GIVEN DATA ::
Start of Block
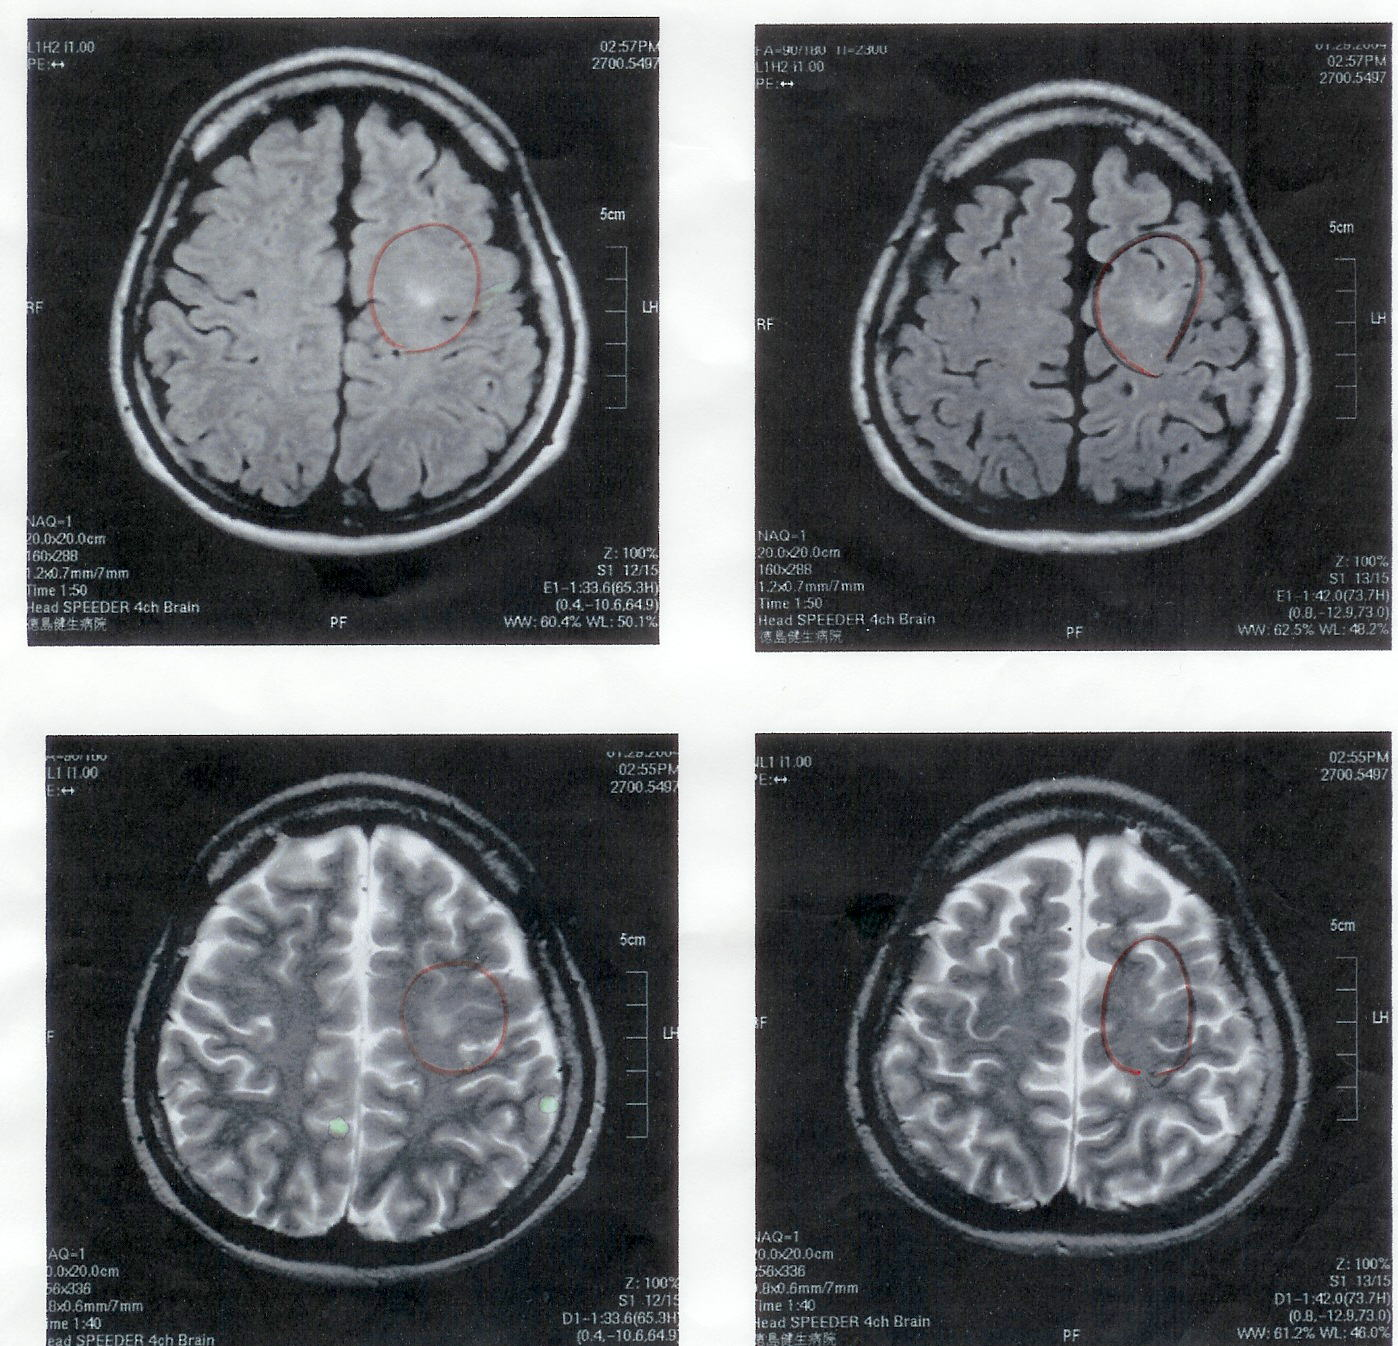 気功論文:脳腫瘍患者のMRI検査画像2
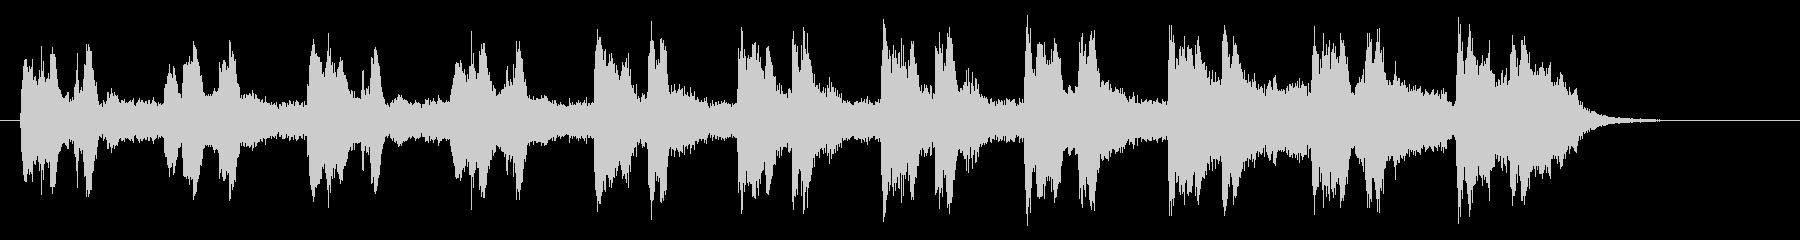 幻想的で静かなリラクゼーション音楽の未再生の波形
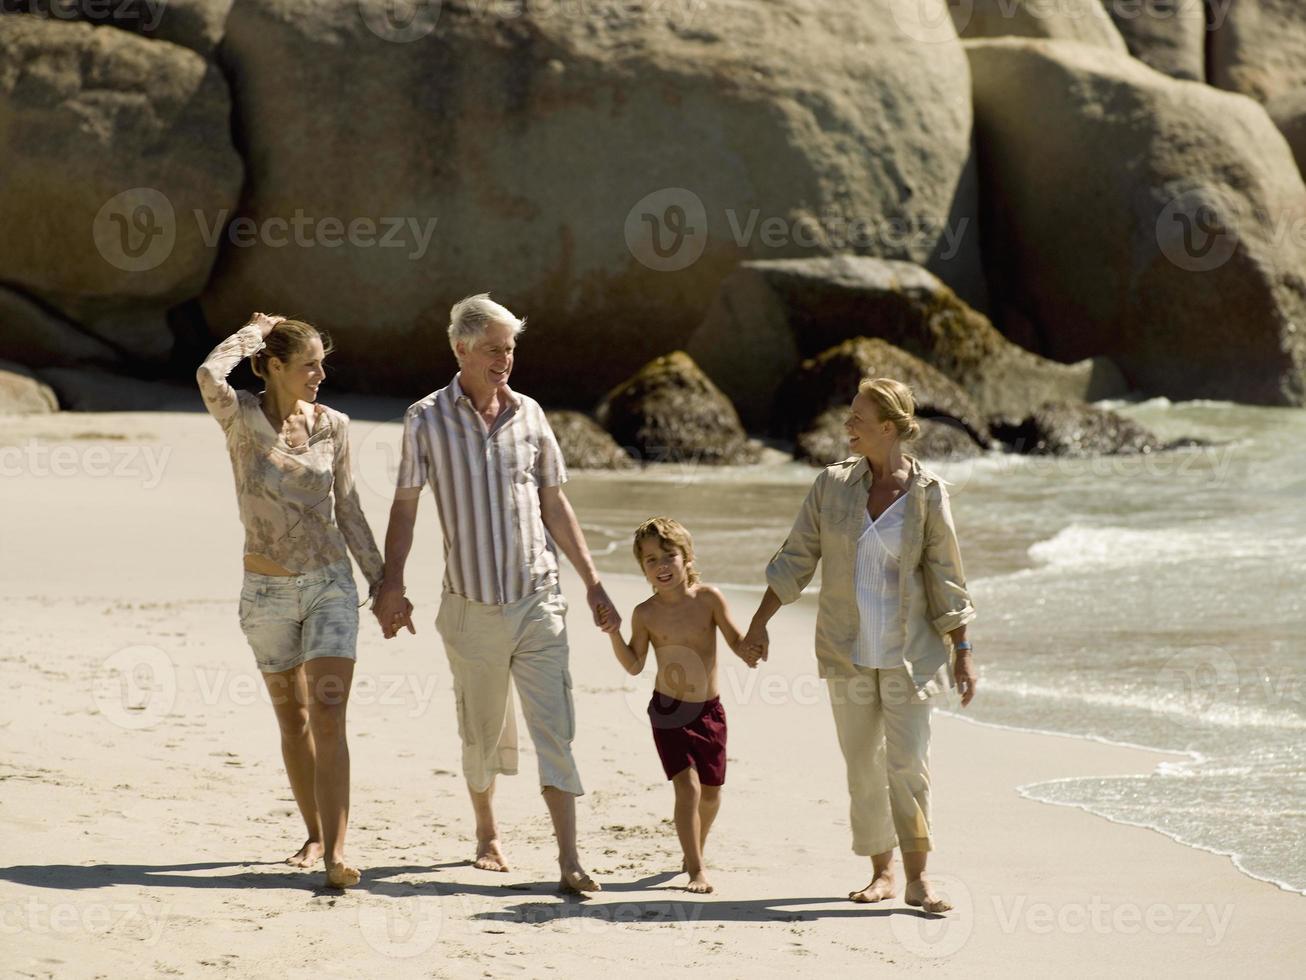 familie op een strand. foto
End of Block
EXERCISE BRIEF :: Write out every line above again exactly, with the pictures left out.

ANSWER TO THE EXERCISE ::
 気功論文:脳腫瘍患者のMRI検査画像2
 幻想的で静かなリラクゼーション音楽の未再生の波形
 familie op een strand. foto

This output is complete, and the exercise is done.